Comparative and pangenomic analysis of the genus Streptomyces

Abstract

Streptomycetes are highly metabolically gifted bacteria with the abilities to produce bioproducts that have profound economic and societal importance. These bioproducts are produced by metabolic pathways including those for the biosynthesis of secondary metabolites and catabolism of plant biomass constituents. Advancements in genome sequencing technologies have revealed a wealth of untapped metabolic potential from Streptomyces genomes. Here, we report the largest Streptomyces pangenome generated by using 205 complete genomes. Metabolic potentials of the pangenome and individual genomes were analyzed, revealing degrees of conservation of individual metabolic pathways and strains potentially suitable for metabolic engineering. Of them, Streptomyces bingchenggensis was identified as a potent degrader of plant biomass. Polyketide, non-ribosomal peptide, and gamma-butyrolactone biosynthetic enzymes are primarily strain specific while ectoine and some terpene biosynthetic pathways are highly conserved. A large number of transcription factors associated with secondary metabolism are strain-specific while those controlling basic biological processes are highly conserved. Although the majority of genes involved in morphological development are highly conserved, there are strain-specific varieties which may contribute to fine tuning the timing of cellular differentiation. Overall, these results provide insights into the metabolic potential, regulation and physiology of streptomycetes, which will facilitate further exploitation of these important bacteria.

Figure 1

(A) Sources of the 205 streptomycetes used in this study. (B) Phylogenetic tree of the 205 streptomycetes using the 16S rRNA sequences. Sequences were aligned using PhyML. Red boxes indicate S. bingchenggensis BCW-1 and S. viridosporus ATCC 39115. (C) Clusters of the 205 strains based on the similarity of the 25 CAZymes families (see Fig. S3 for further information) and the relative numbers of CAZymes and CAZyme groups encoded in each genome. (D) Completeness of the protocatechuate and catechol catabolic pathways encoded in each genome. The pathway is complete if the genome encoded all the 6 enzymes each pathway requires. S. bingchenggensis BCW-1 and S. viridosporus ATCC 39115 encode the complete β-ketoadipate pathway responsible for protocatechuate and catechol catabolism. S. bingchenggensis BCW-1 also encodes a variety of CAZymes likely to be involved in polysaccharide depolymerization.

Figure 2

(A) Change in the pangenome size as a function of the number of genomes. X axis is the number of genomes used to construct the pangenome and Y axis is the number of orthologous groups identified in the same pangenome. (B) Change in the number of orthologous groups conserved in all the genomes and at least 95% genomes with the varying number of genomes. (C) The total number of proteins in each conservation bin from the Streptomyces pangenome.
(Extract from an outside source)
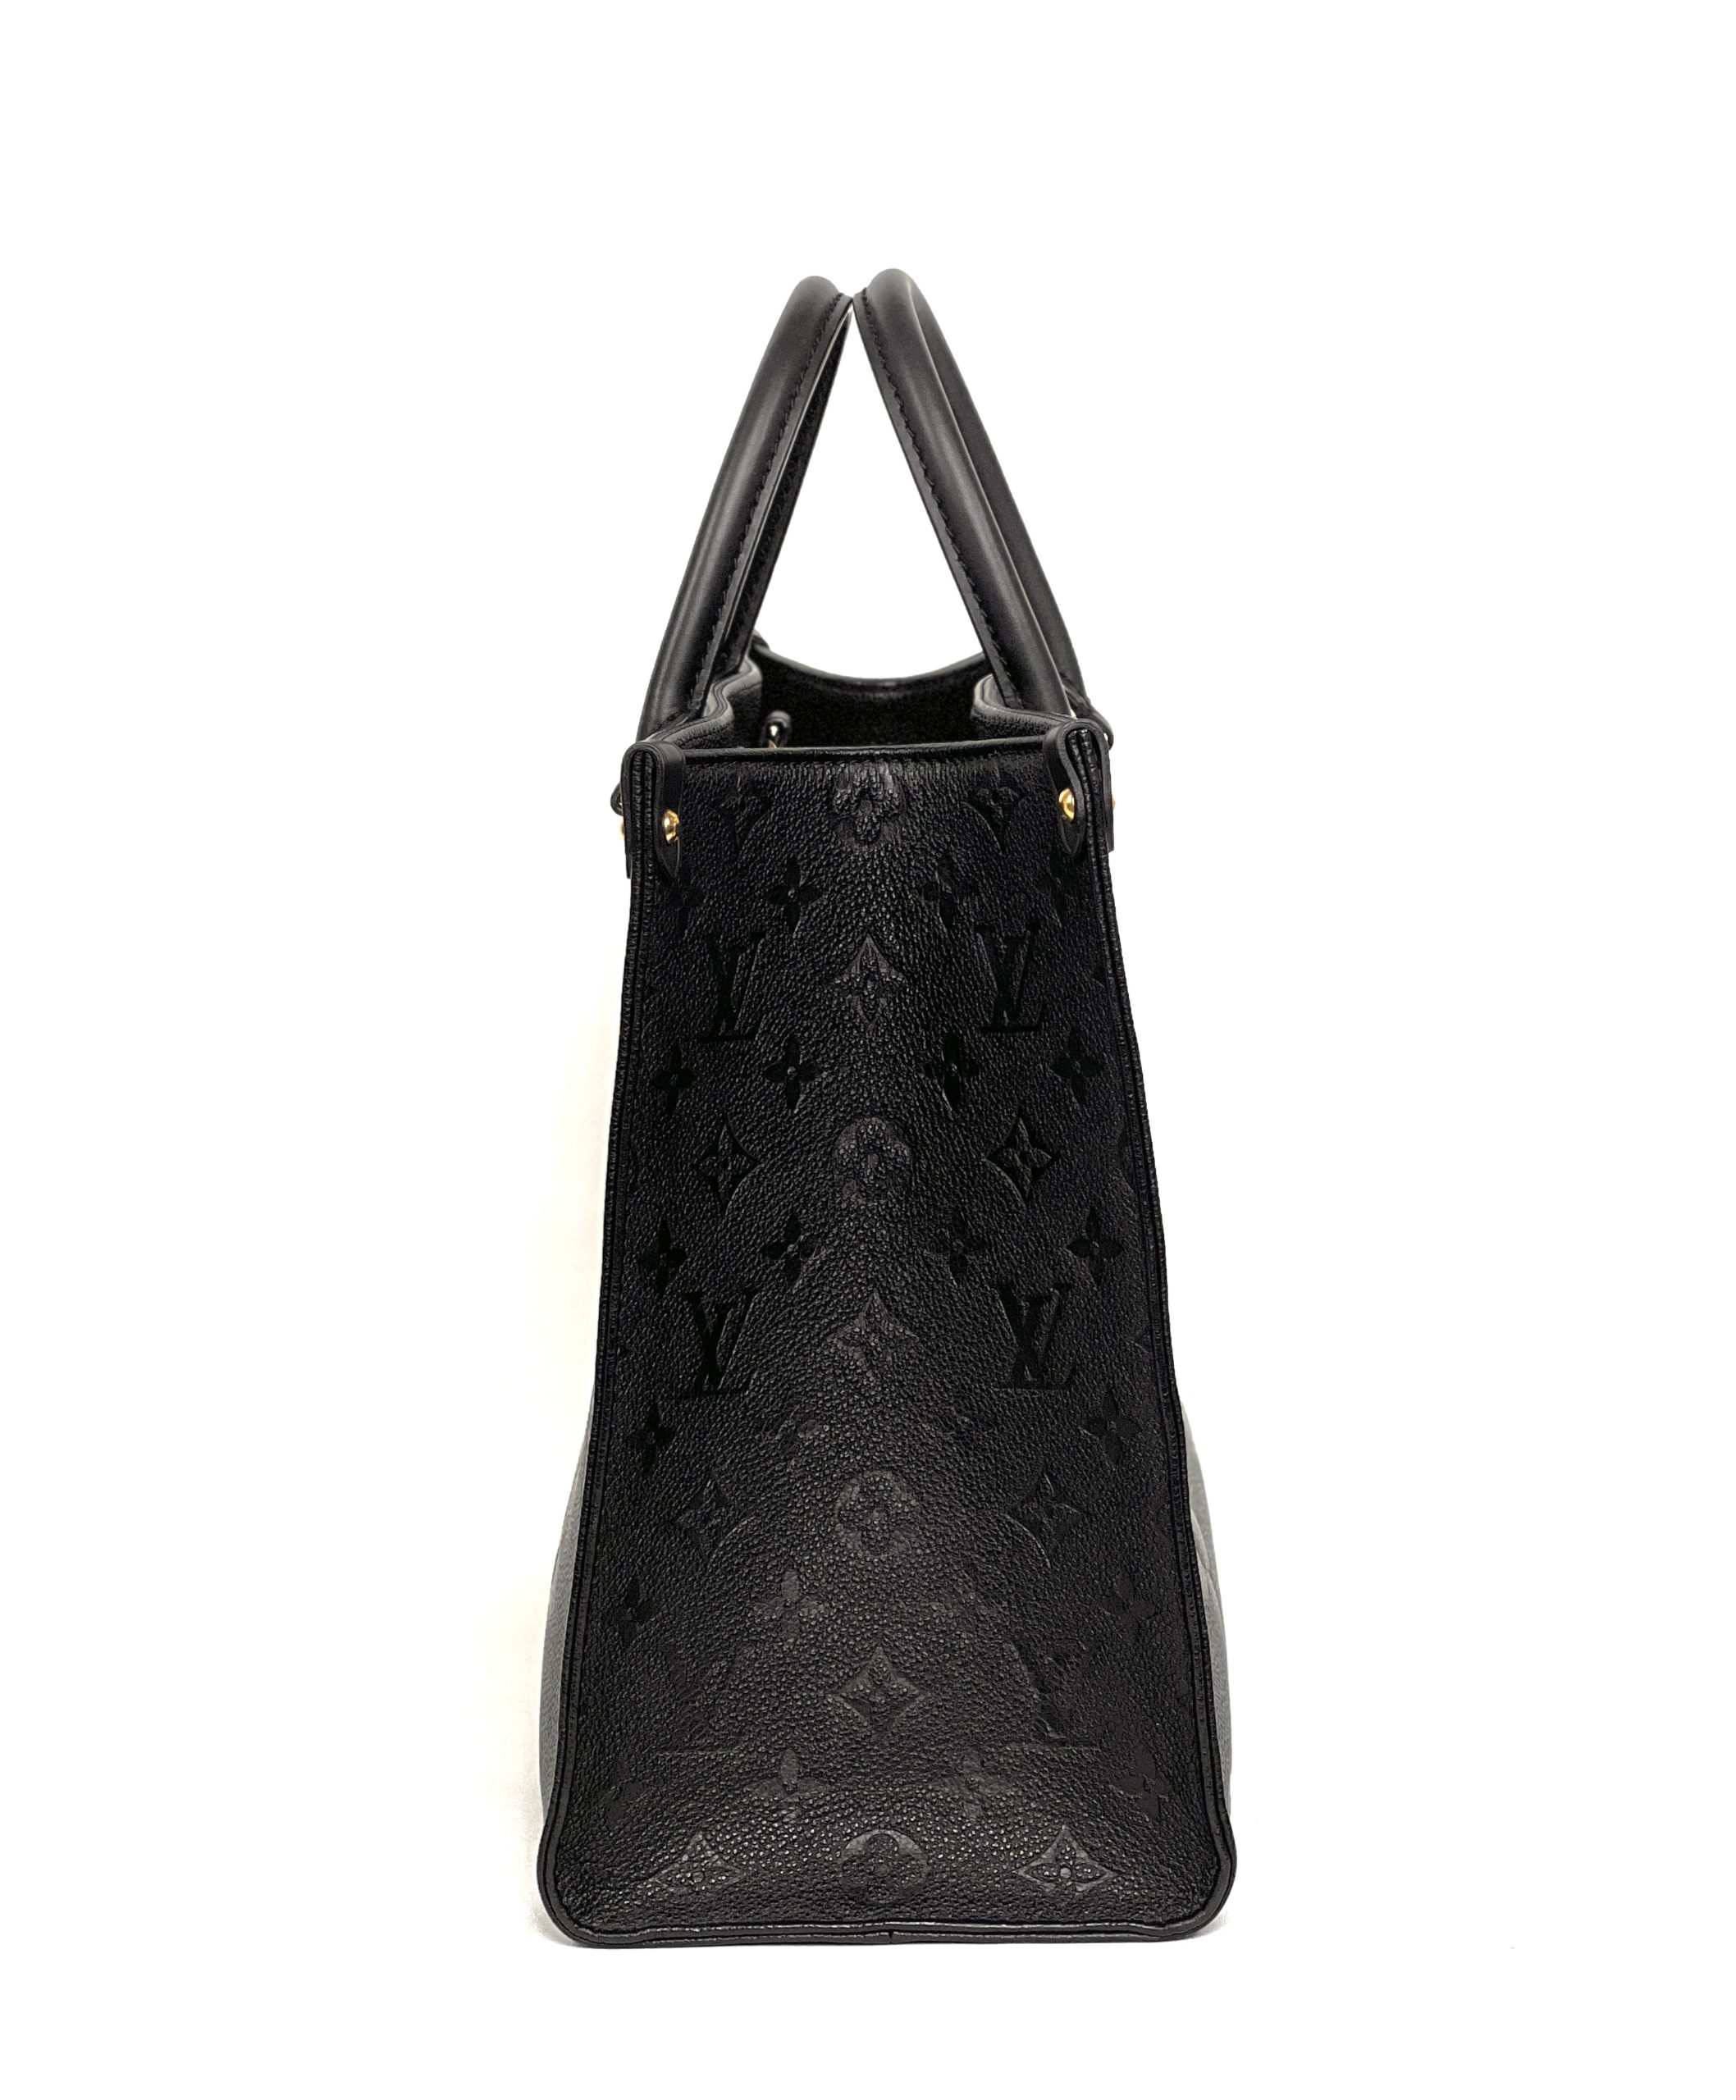 vuitton black leather handbag

The bar colours correspond to the scheme indicated in Fig. 3A.

Figure 3

The total number of proteins in each COG (A) and KEGG (B) category and the percentage in each conservation bin.

Figure 4

The total number of proteins in each CAZyme group (A) and antiSMASH BGC type (C) and the percentage in each conservation bin. (B) The total number of CAZymes and CAZyme groups encoded in each genome. The colour codes are the same as those in Fig. 3.

Figure 5

The total number of proteins in each sigma factor group (A) and other transcription factor family (B) and the percentage in each conservation bin. The colour codes are the same as those in Fig. 3.

Figure 6

(A) Conservation of Bld and Whi proteins. (B) The total number of proteins in chaplin family and the percentage in each conservation bin. The colour codes are the same as those in Fig. 3.